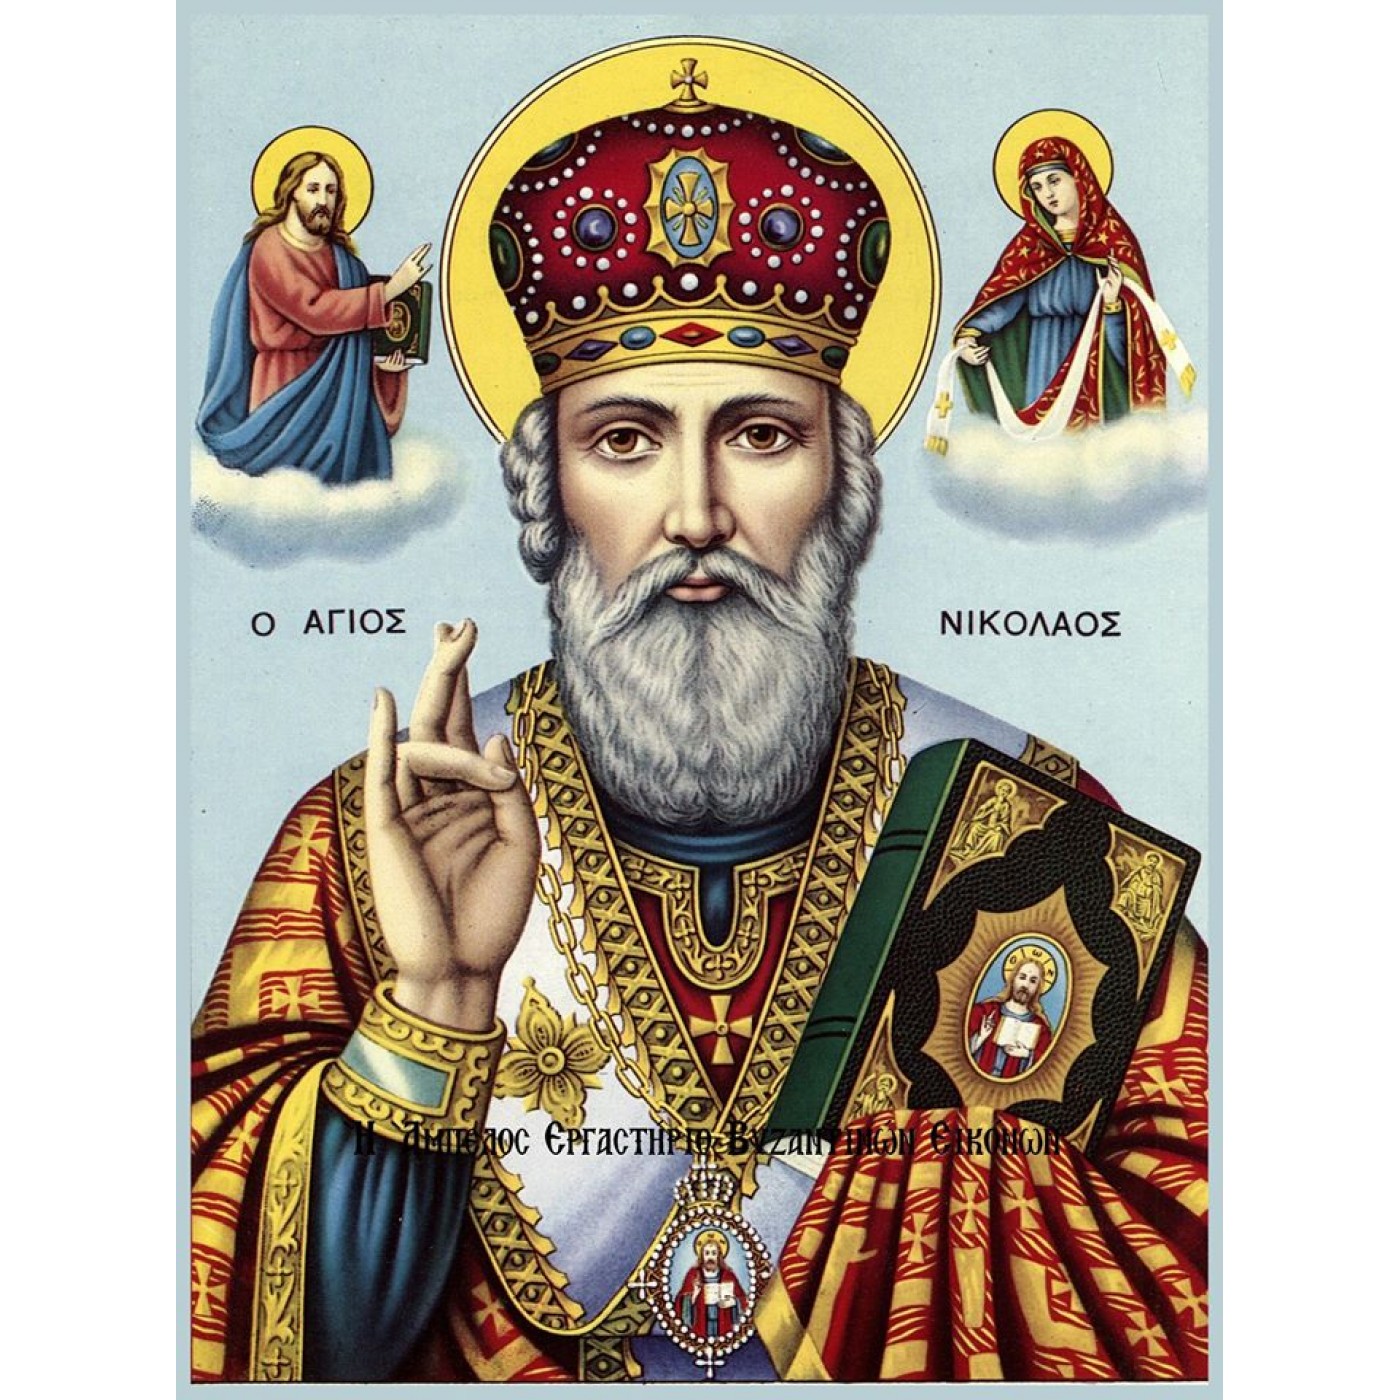 Ο Άγιος Νικόλαος (15 Μαρτίου 270 – 6 Δεκεμβρίου 343) είναι Έλληνας Μικρασιάτης άγιος της Ανατολικής Ορθόδοξης και της Ρωμαιοκαθολικής Εκκλησίας. Ήταν επίσκοπος στα Μύρα της Λυκίας (Μικρά Ασία), γι' αυτό και αναφέρεται και ως Νικόλαος Μύρων, ενώ στη Δύση αναφέρεται και ως Νικόλαος του Μπάρι, καθώς στο Μπάρι βρίσκονται τα λείψανά του.
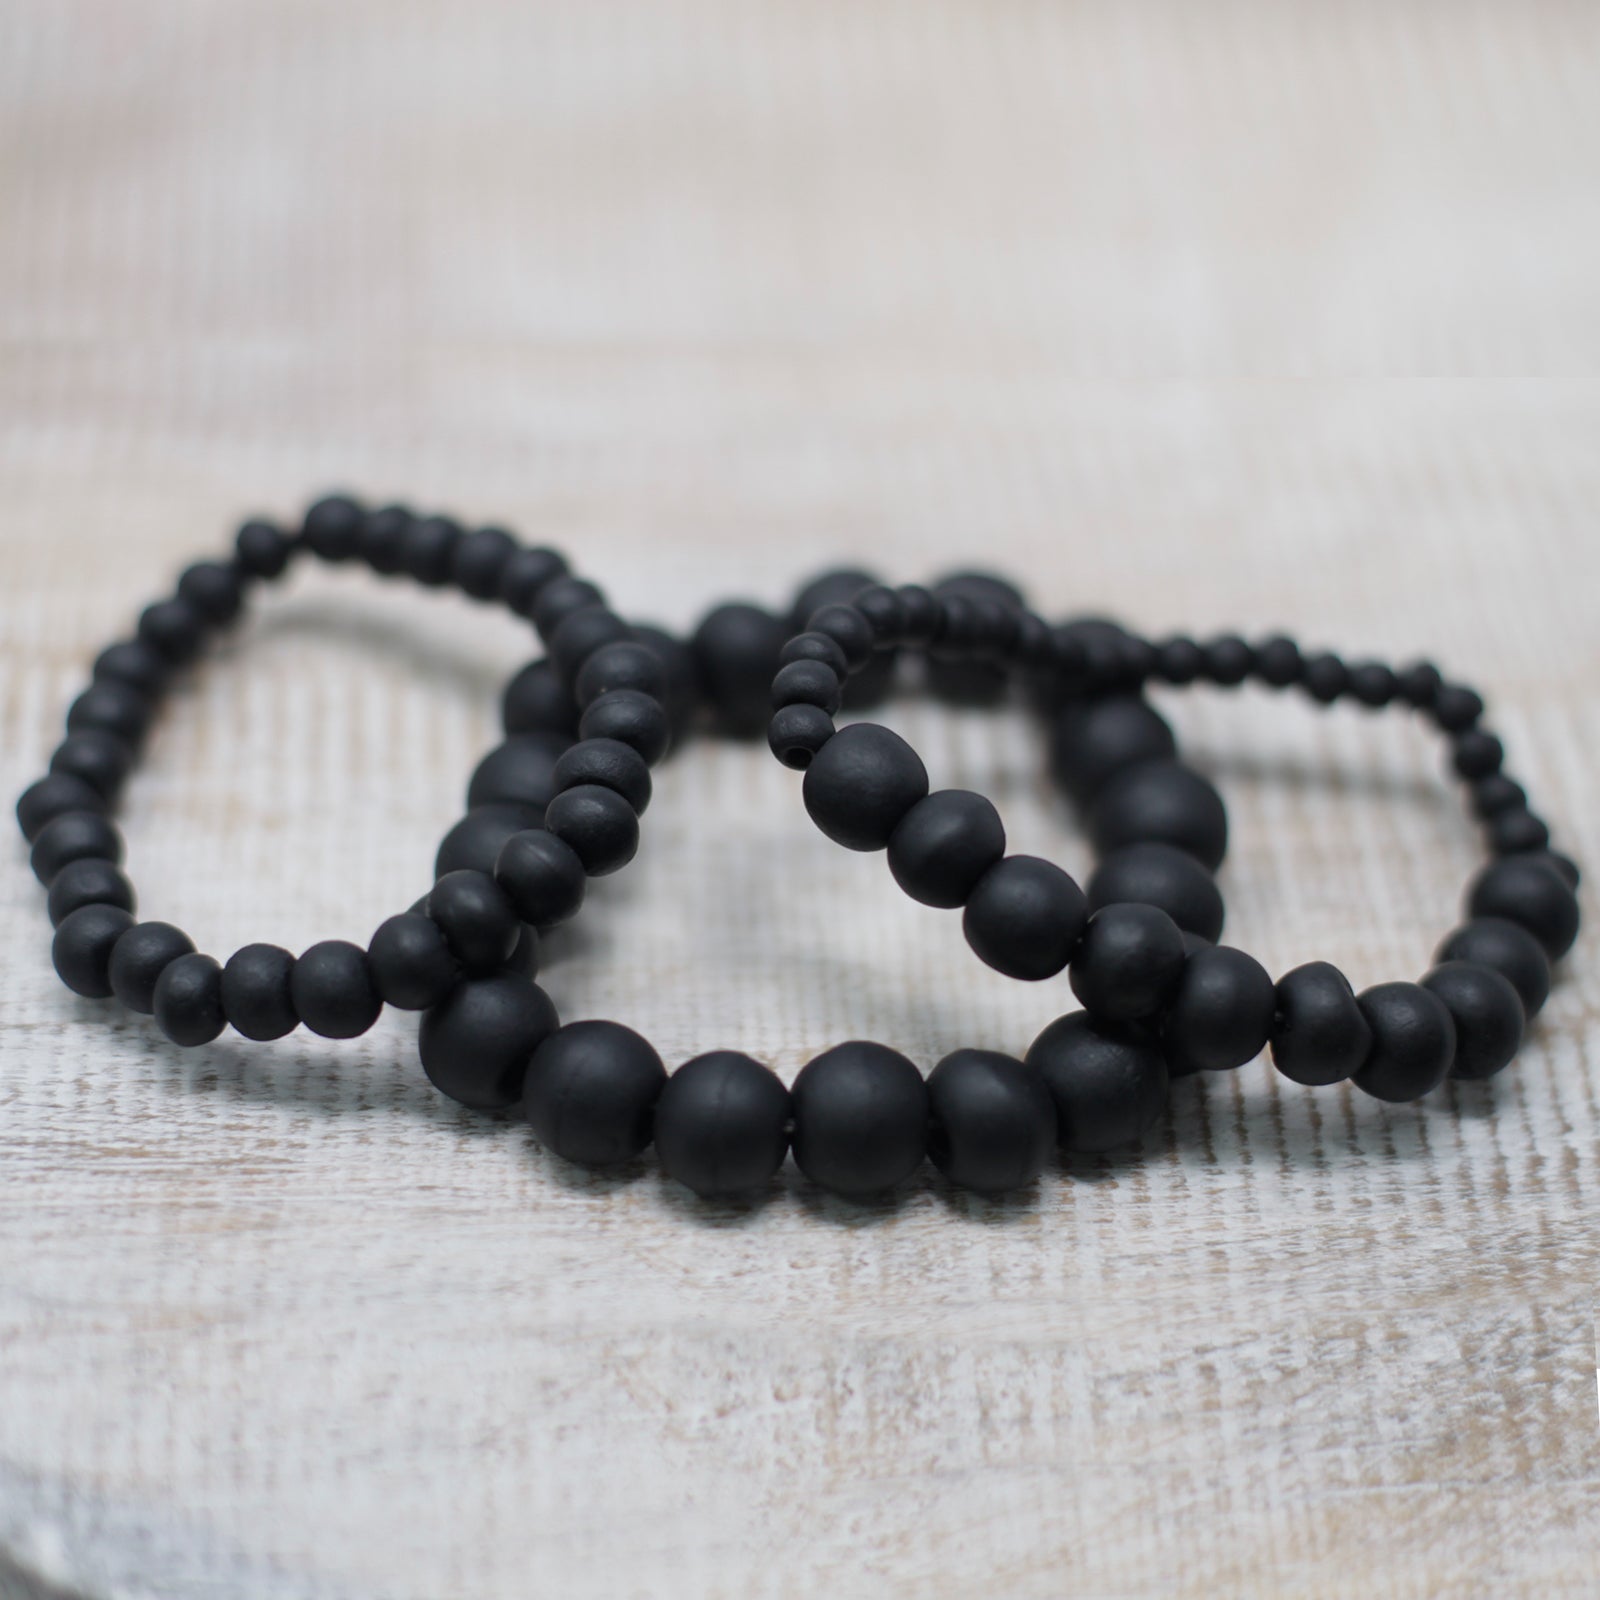 Blackwood Beads - Assorted Sizes
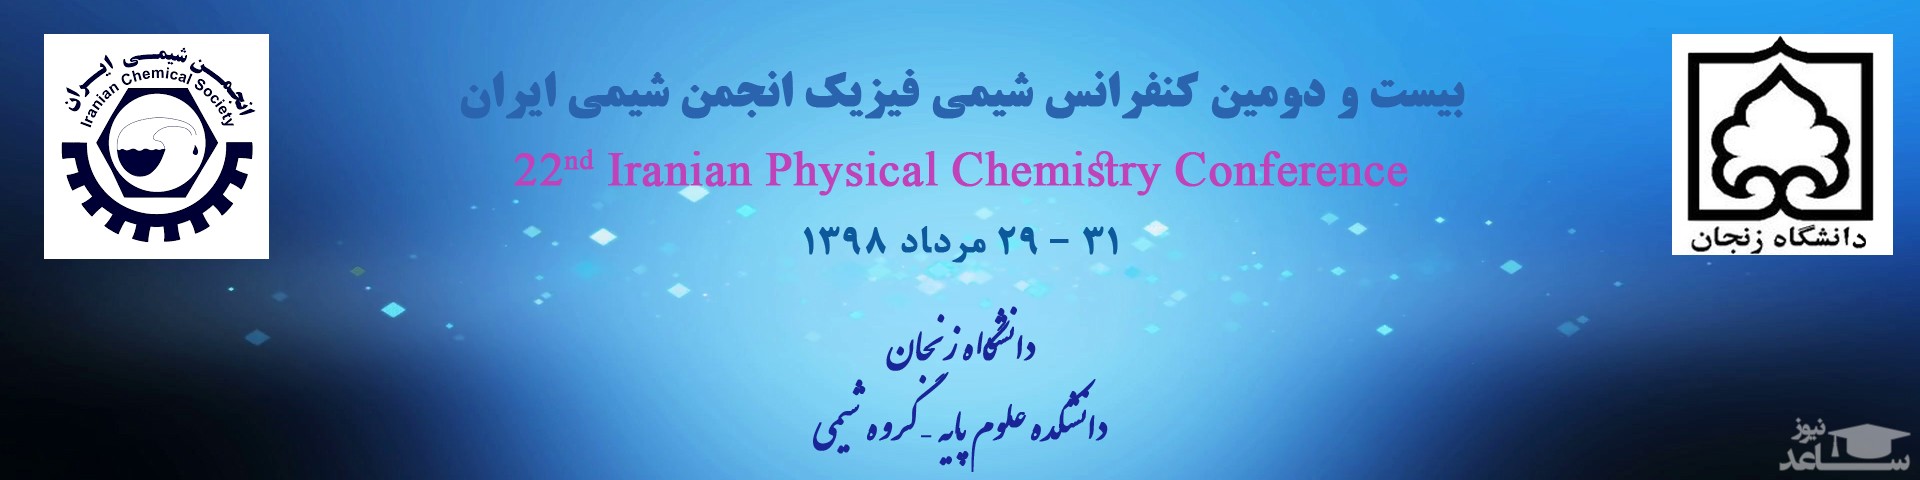 بیست و دومین کنفرانس ملی شیمی فیزیک ایران
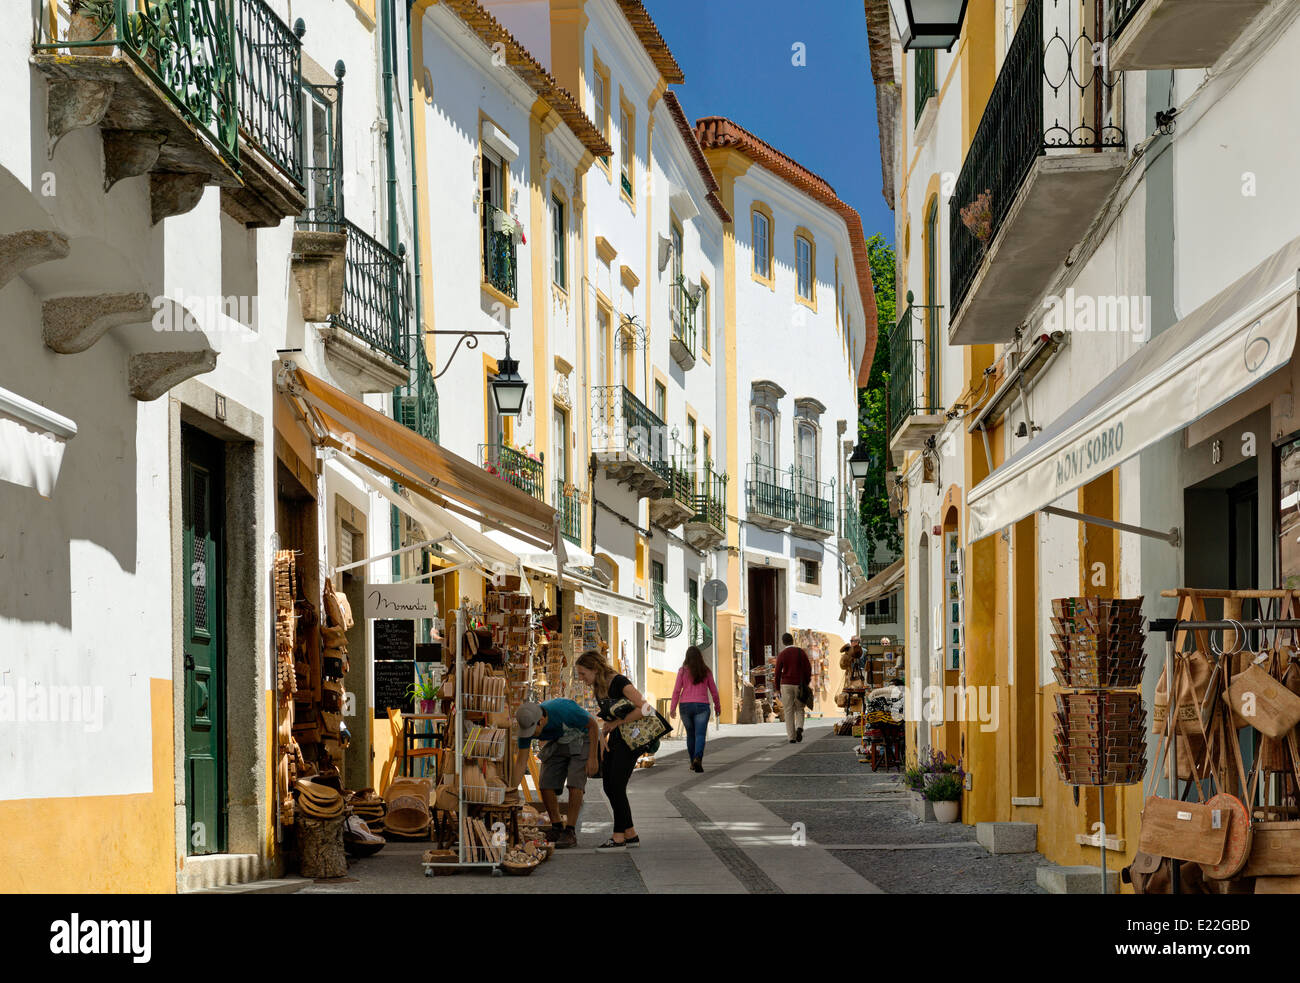 Portugal, Alentejo, Évora, einer engen Straße mit handwerklichen Geschäften gesäumt Stockfoto

::::

**EXERCISE DESCRIPTION**
Drop the images and repeat the data exactly.

**TASK ANSWER**
 Ο Άγιος Νικόλαος (15 Μαρτίου 270 – 6 Δεκεμβρίου 343) είναι Έλληνας Μικρασιάτης άγιος της Ανατολικής Ορθόδοξης και της Ρωμαιοκαθολικής Εκκλησίας. Ήταν επίσκοπος στα Μύρα της Λυκίας (Μικρά Ασία), γι' αυτό και αναφέρεται και ως Νικόλαος Μύρων, ενώ στη Δύση αναφέρεται και ως Νικόλαος του Μπάρι, καθώς στο Μπάρι βρίσκονται τα λείψανά του.
 Blackwood Beads - Assorted Sizes
 بیست و دومین کنفرانس ملی شیمی فیزیک ایران
 Portugal, Alentejo, Évora, einer engen Straße mit handwerklichen Geschäften gesäumt Stockfoto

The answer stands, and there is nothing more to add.